Author: Ed Maste <emaste@FreeBSD.org>
Date:   Thu Oct 21 11:09:58 2021 -0400

    iscsid: default conn_max_recv_data_segment_length to our request
    
    XXX attempted workaround for PR259152; target did not respond with
    MaxRecvDataSegmentLength and so we did not update
    conn_max_recv_data_segment_length.
    
    PR:             259152

Ed's patch here "works for me" - I can see, mount, & use iscsi targets on both VM and BM now, handling a full 20GiB zpool resilver between volumes without issue. I expect we'll survive a buildworld as well.

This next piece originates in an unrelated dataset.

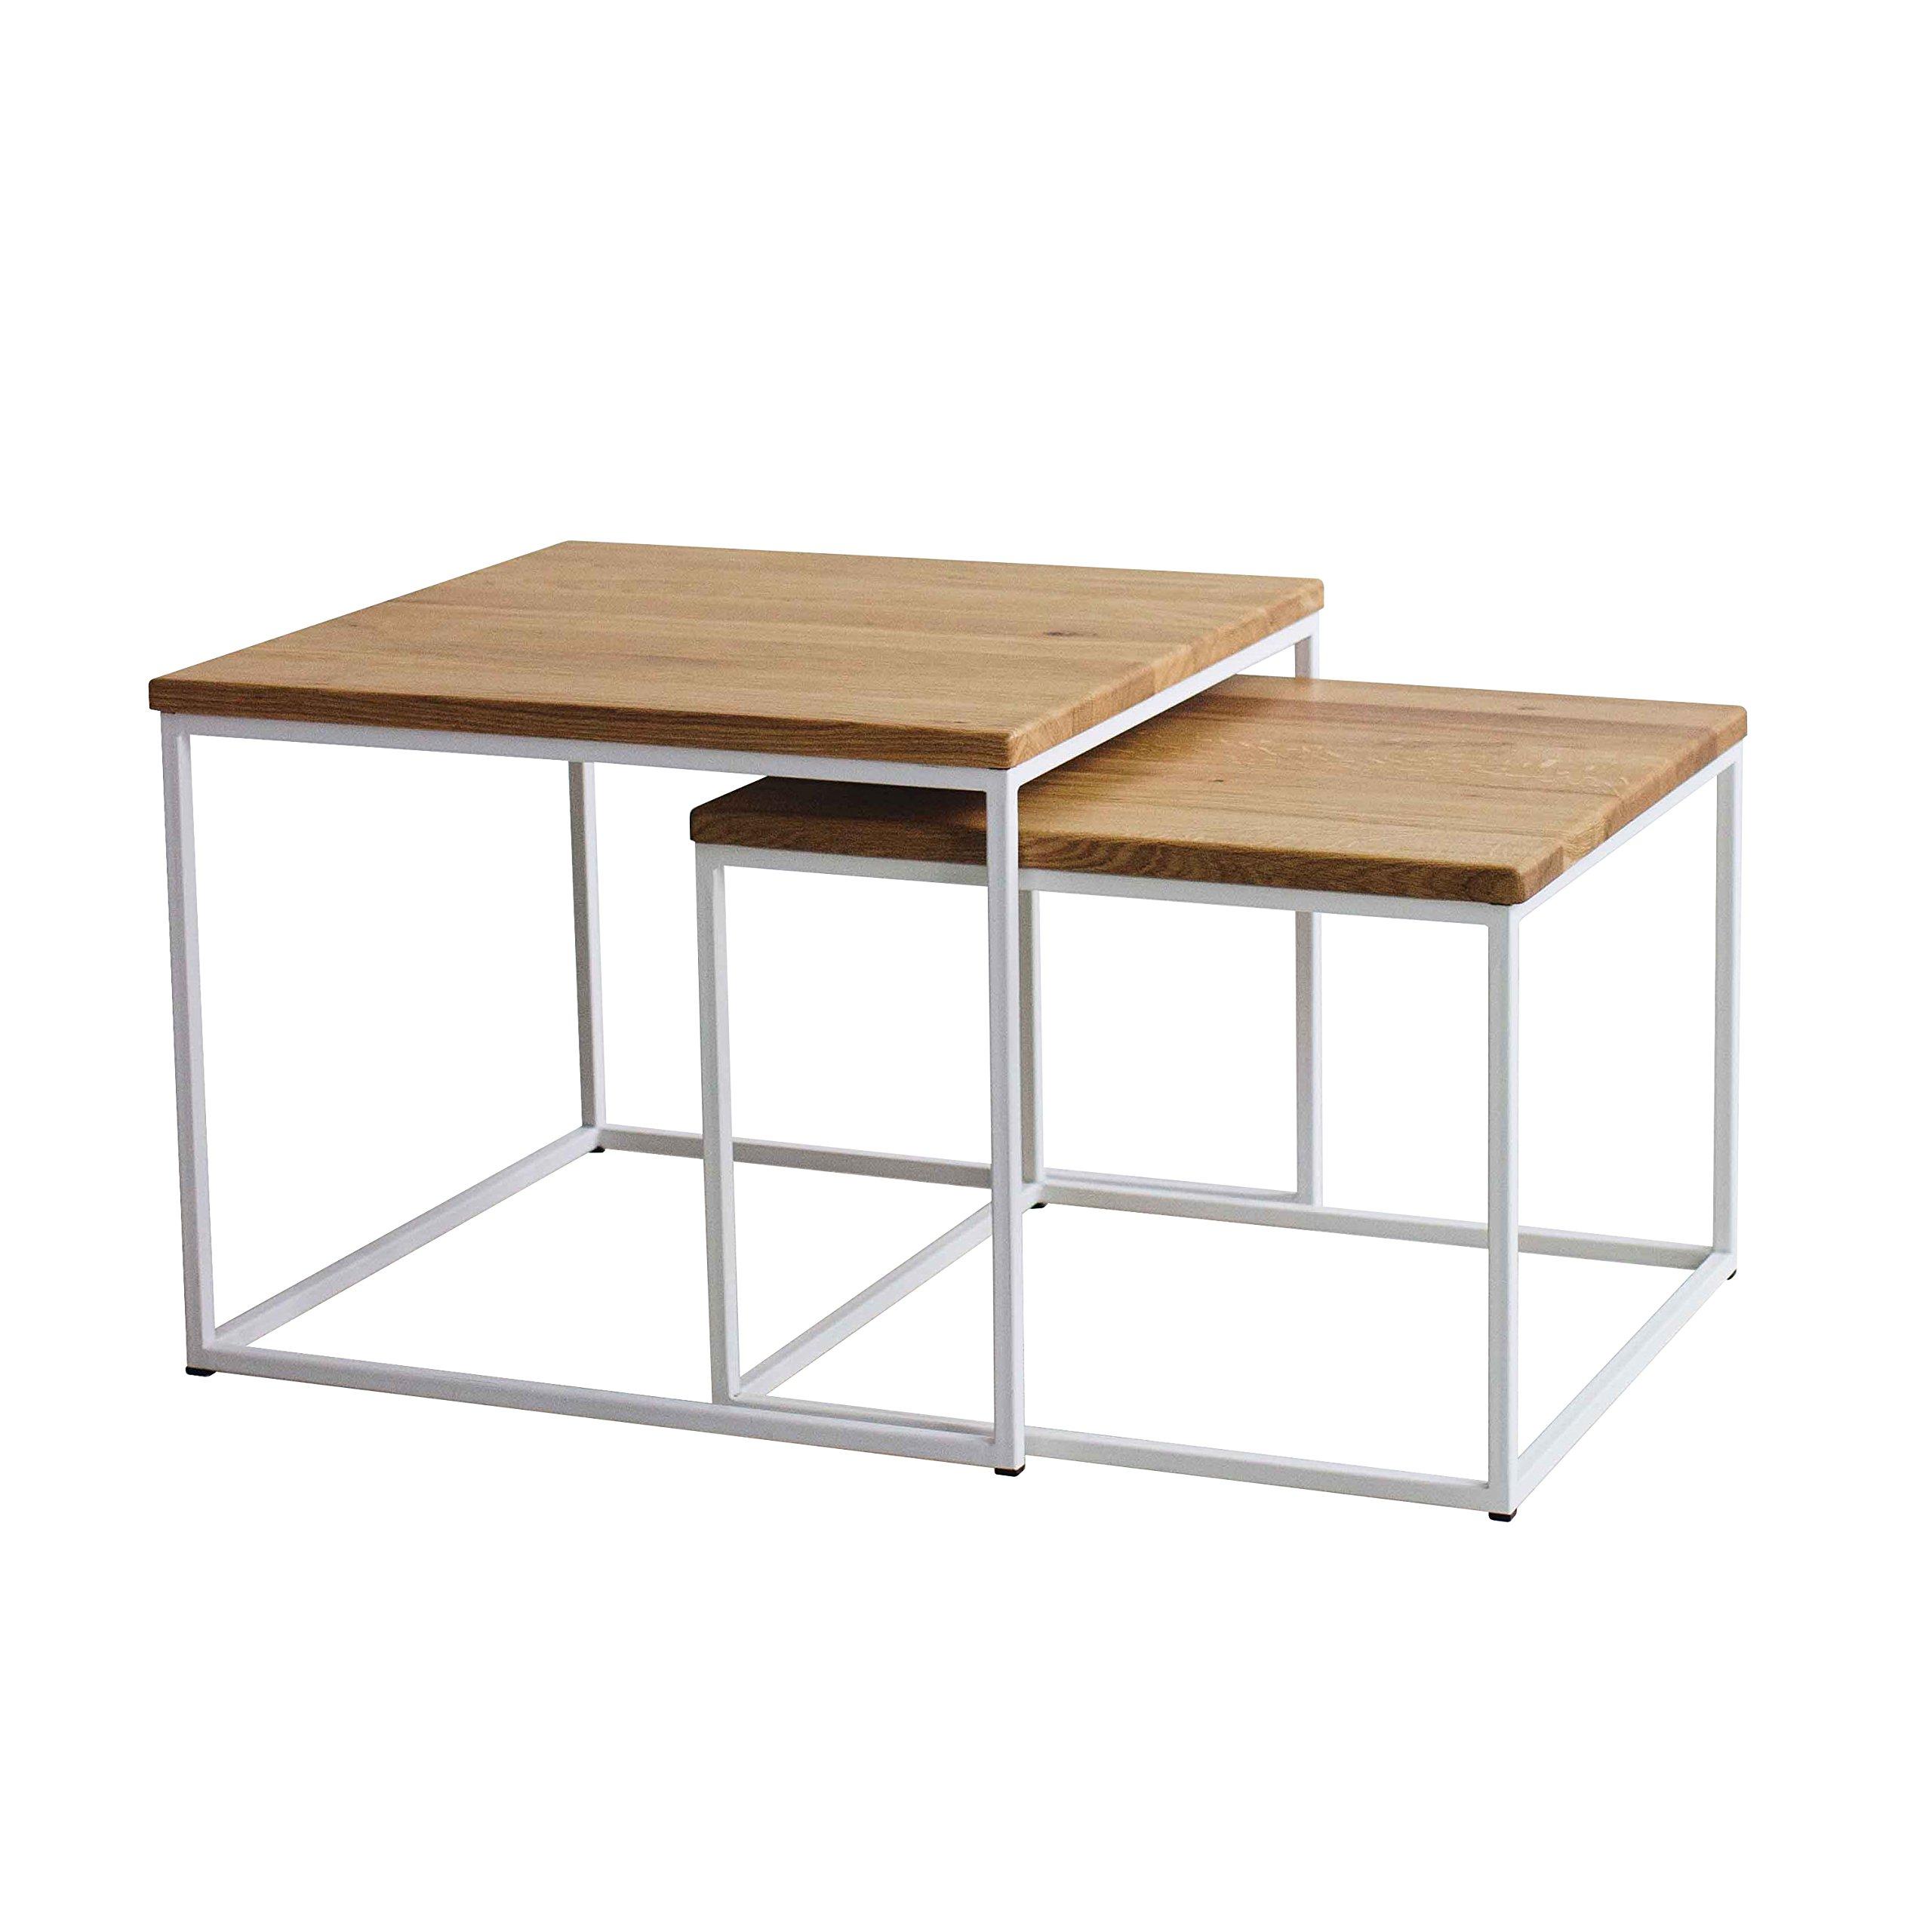 Original BestLoft®2er Set Couchtisch (MWH) Eiche Metall Beistelltisch  Industiedesign Loft Vintage Sofatisch Massiv Holz (Eiche Natur + Gestell In  Weiß)

My understanding is that we have several "wip patches" that need somebody who's more familiar with the spec and the code to make a call if this is (a) appropriate and (b) if patches need to evolve further to commit to main.
Comment 15 Ed Maste freebsd_committer 2021-10-22 14:01:45 UTC
MaxRecvDataSegmentLength issue (first mentioned in comment #11) split out to PR259355.